The Portland Daily Sun
- The February 14, 2009 front page of The Portland Daily Sun
- Type: Daily newspaper
- Format: Tabloid
- Owner(s): Portland News Club, LLC.
- Publisher: Mark Guerringue
- Editor: David Carkhuff
- Founded: February 3, 2009
- Ceased publication: December 23, 2014
- Headquarters: 477 Congress Street, Suite 1105, Portland, Maine 04101, USA
- Circulation: 13,100 daily
- Price: Free
- Website: portlanddailysun.me

= The Portland Daily Sun =

American local newspaper (2009-2014)

The Portland Daily Sun was a free newspaper that was distributed to retail and business locations in Portland, Maine between 2009 and 2014.

== History ==
The paper was founded in 2009 by Mark Guerringue and Adam Hirshan of Country News Club, in partnership with Curtis Robinson, who served as founding editor. Its first edition was printed February 3, 2009. Circulation, which started at 3,000 copies, quickly rose to 15,000. It published five days a week, Tuesday through Saturday.

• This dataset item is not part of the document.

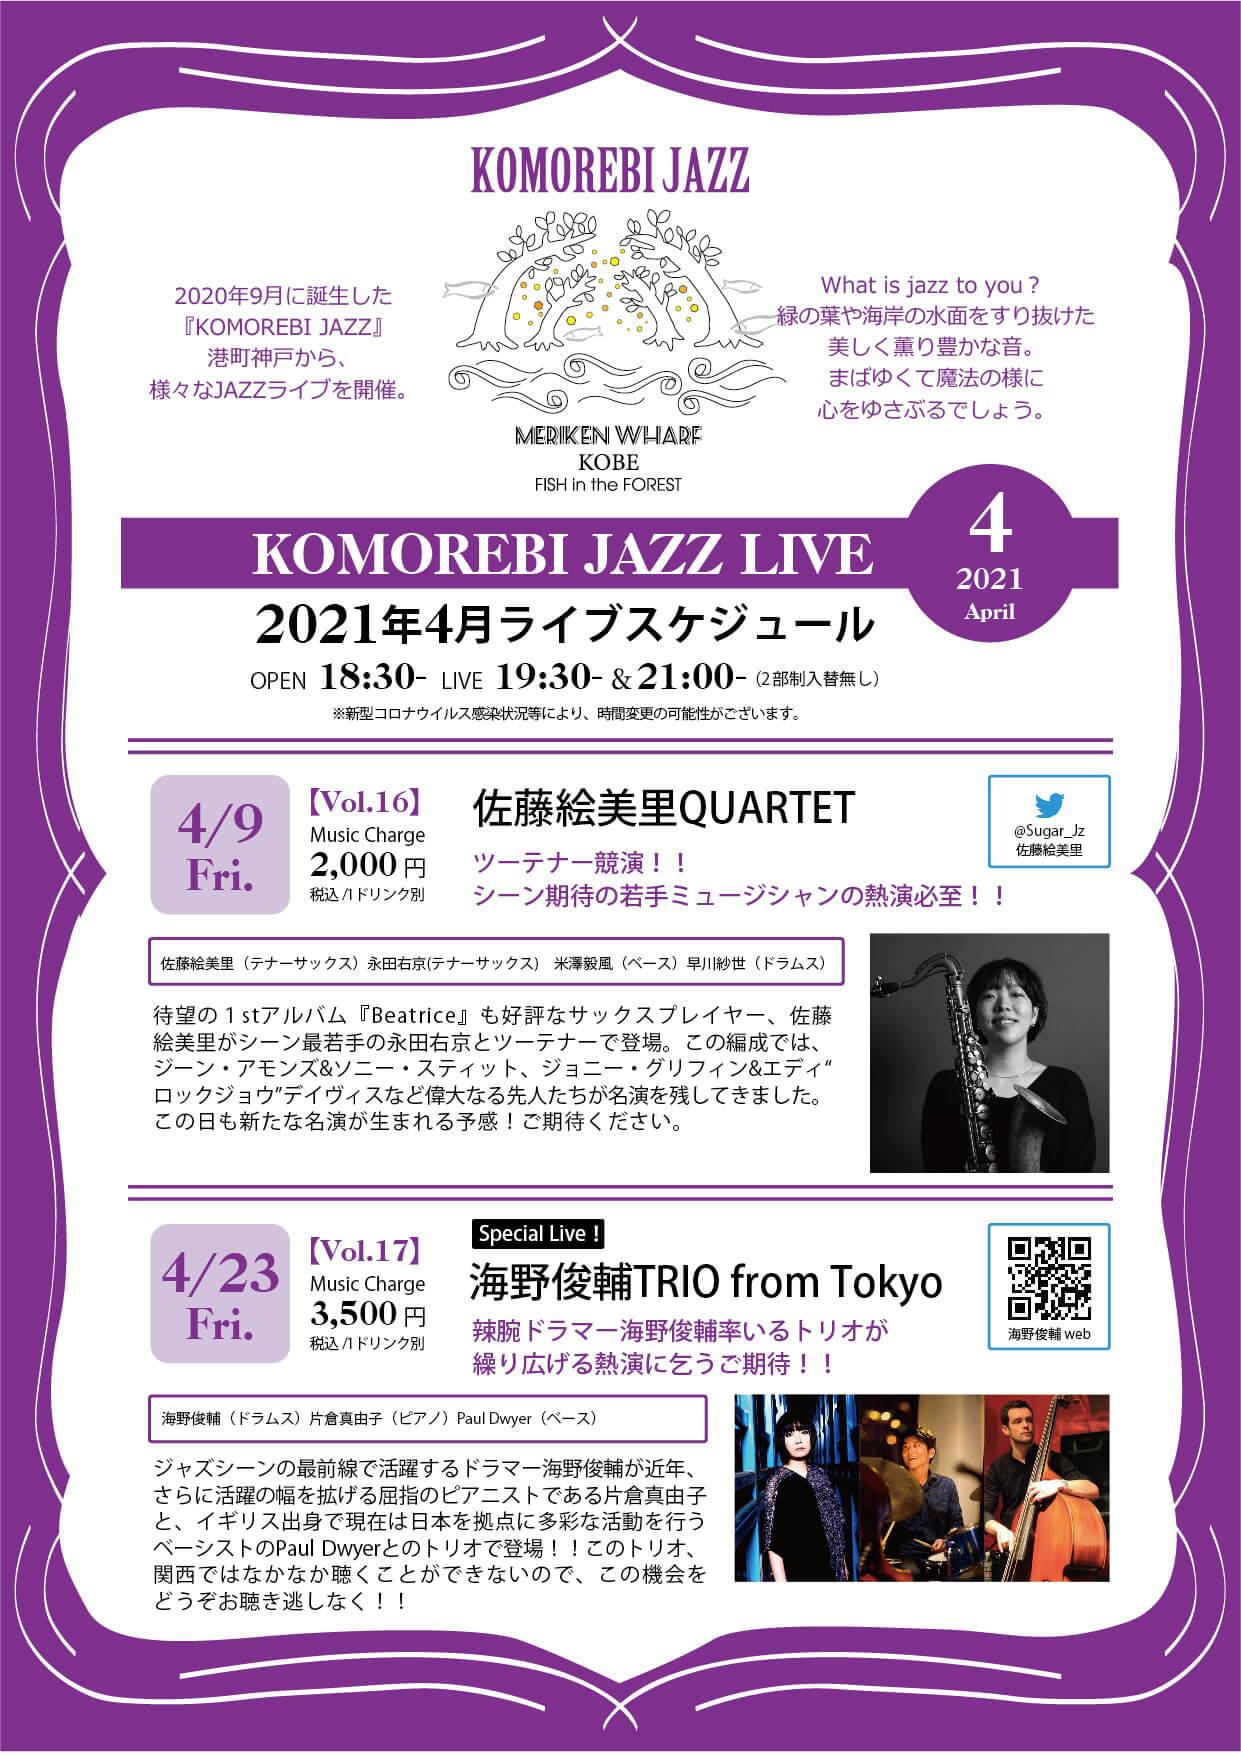 フィッシュインザフォレスト「KOMOREBI JAZZ LIVE 4月」

In 2012, the newspaper moved its offices to the Time and Temperature Building in downtown Portland. At the time, publisher Mark Guerringue said The Portland Daily Sun was not yet profitable, but "We're poised for it, the pieces are in place".

In 2013, the newspaper decreased its publication days from five to only two per week (Tuesdays and Fridays), citing a lack of advertisers. The Portland Daily Sun published its final issue on December 23, 2014.

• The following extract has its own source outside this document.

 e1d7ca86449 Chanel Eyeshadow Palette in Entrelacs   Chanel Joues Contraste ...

==Columnists and contributors==
The Sun featured local columnists Natalie Ladd, Cliff Gallant, Telly Halkias, Karen Vaschon, Curtis Robinson, Margo Mallar, Heidi Wendel, Maggie Knowles and Bob Higgins. Tim Gillis contributed to features.

==Sisters and competitors==
The Portland Daily Sun was the third free daily newspaper to follow the model of The Conway Daily Sun, launched by Mark Guerringue and Adam Hirshan in 1989 in Conway, New Hampshire. Its sister papers owned by Country News Club and its affiliates also included The Berlin Daily Sun and The Laconia Daily Sun, both in New Hampshire, and a weekly, The Northern Light, in western Maine.

The Sun competed head-to-head with the Portland Press Herald, the largest newspaper in the state of Maine.